Mechanics ( SHM )

During the motion let at any instant the center of mass is displaced by an amount x to the left from the equilibrium. At this instant the elongation of the spring is 2x. The total energy of the system is a constant:
\dfrac{1}{2}mv^2 + \dfrac{1}{2}\cdot \dfrac{1}{2}mR^2\omega^2+\dfrac{1}{2}k(2x)^2=\text{ constant}
The first two terms represent the total kinetic energy, v being the center of mass velocity.
Since there is pure rolling, therefore v=Rω. The above equation therefore becomes
\dfrac{1}{2}\cdot \dfrac{3}{2}mv^2+\dfrac{1}{2}k(2x)^2=\text{ constant}
Differentiating w.r.t. time t, we get
\dfrac{3}{2}mv\dfrac{\mathrm d v}{\mathrm dt}+4kx\dfrac{\mathrm dx}{\mathrm dt}=0
Since dx/dt = v, we get ultimately
\dfrac{3}{2}m\dfrac{\mathrm d^2 x}{\mathrm dt^2}+4kx=0
where I used the fact that d²x/dt² is same as dv/dt.

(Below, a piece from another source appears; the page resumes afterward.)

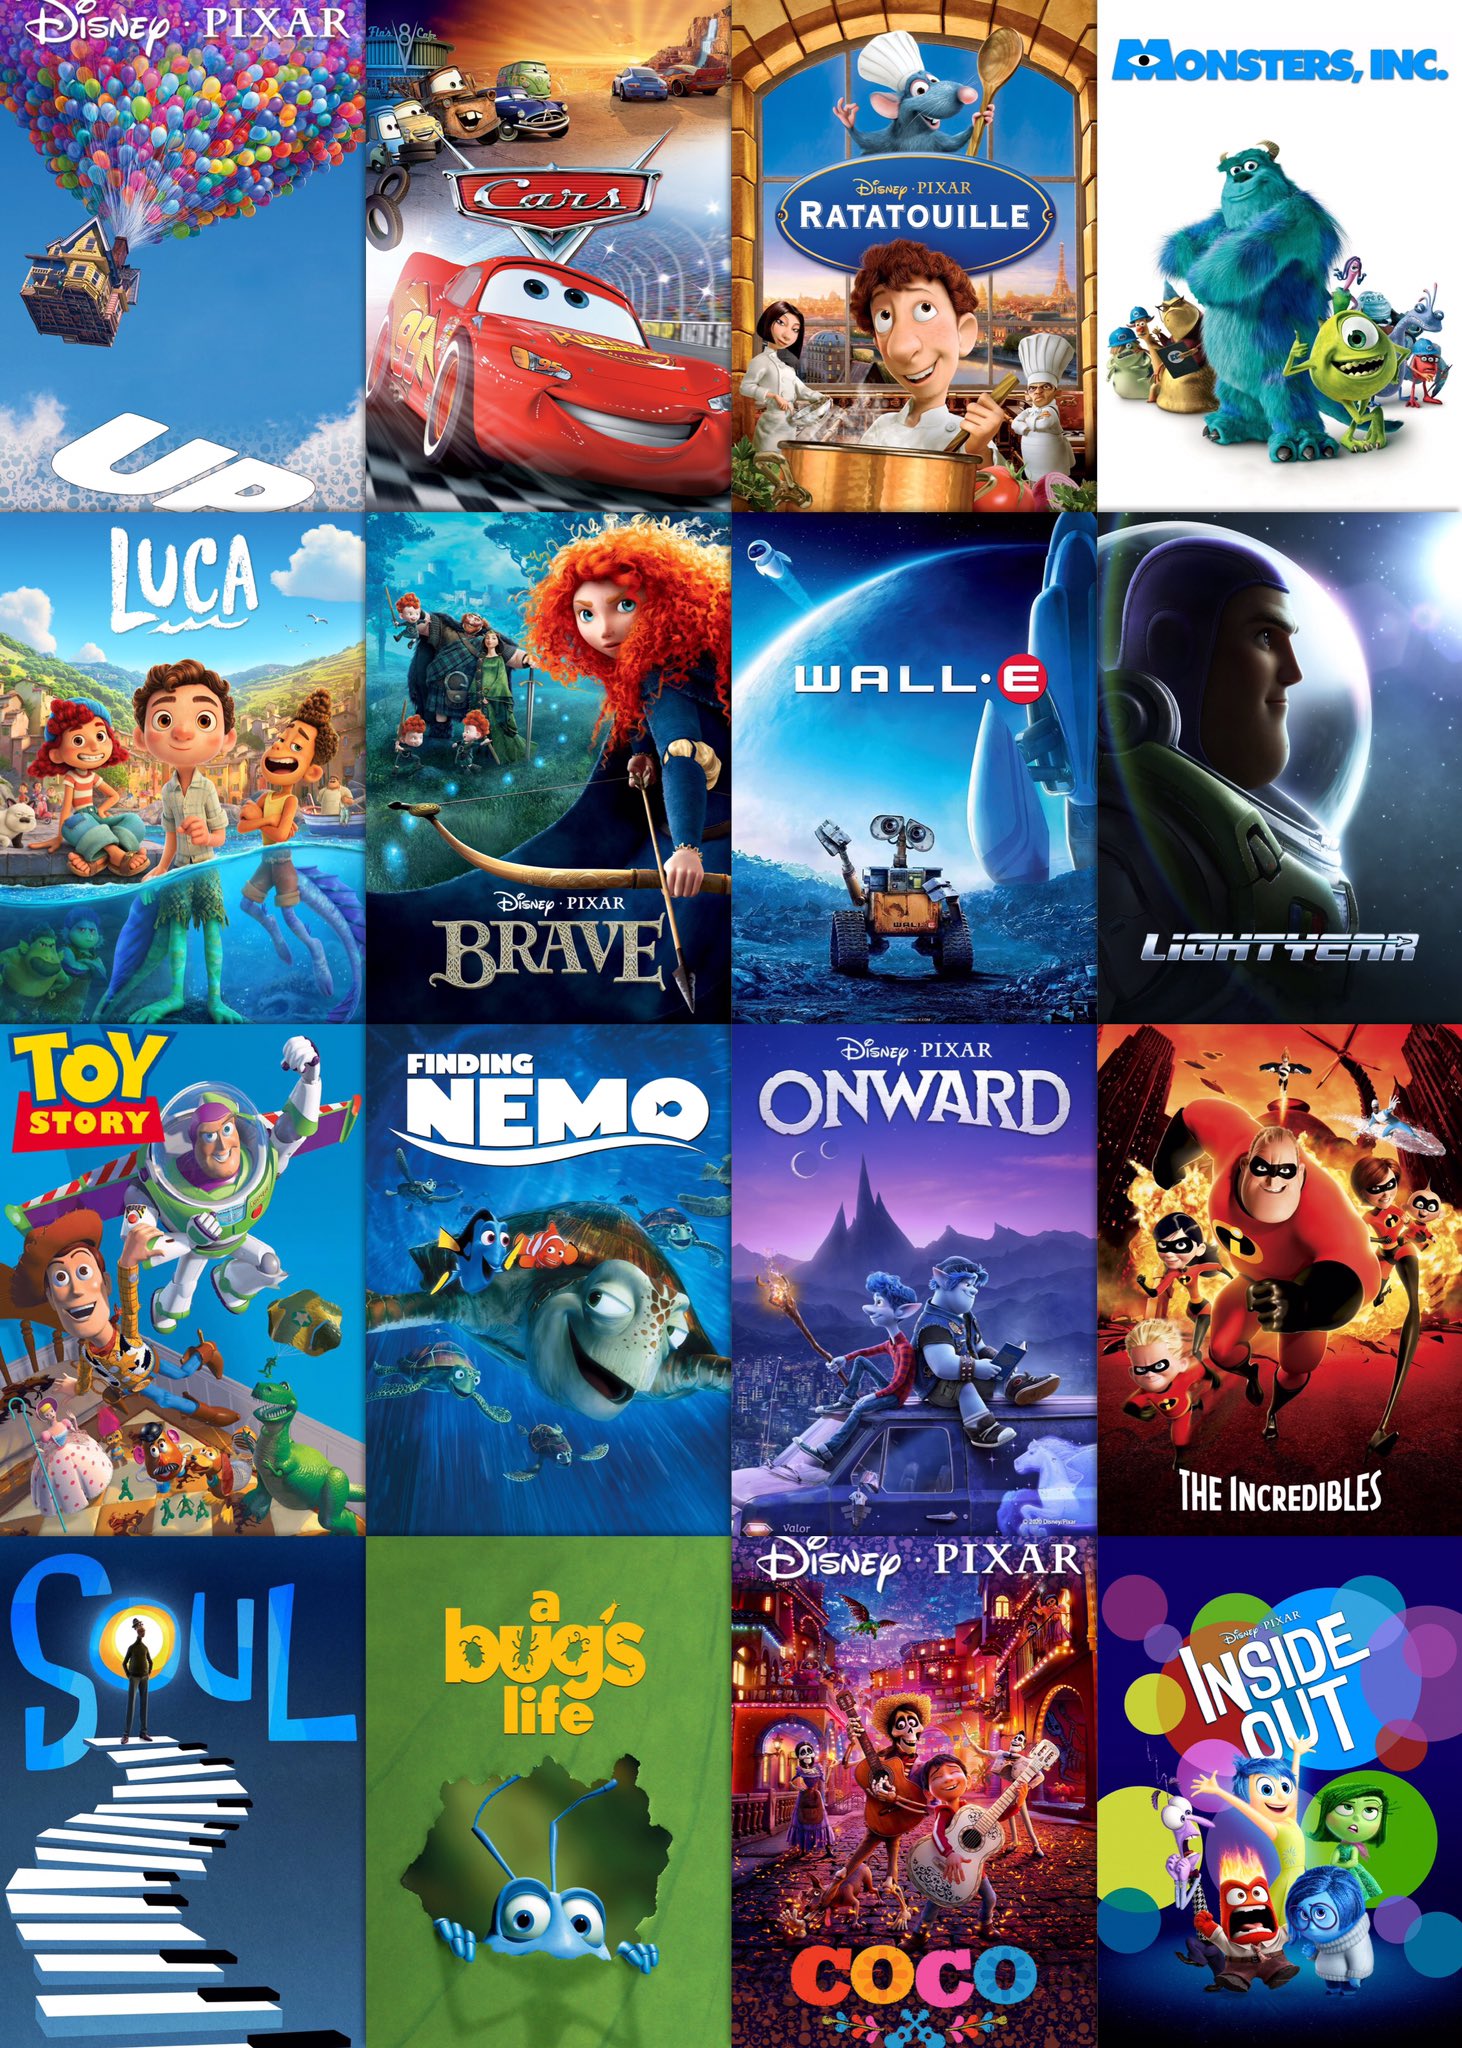 sugerir Año nuevo rigidez Rogue on Twitter: "16 Disney Pixar movies but you can only pick from each  row https://t.co/0TN2r4yshy" / Twitter

Rearranging the terms we get finally
\dfrac{\mathrm d^2 x}{\mathrm dt^2}+\dfrac{8k}{3m}\,x=0\quad \Rightarrow\ \dfrac{\mathrm d^2x}{\mathrm dt^2}+\omega^2x=0
(Note that this omega is not the same as the angular speed for which I used the same symbol unfortunately)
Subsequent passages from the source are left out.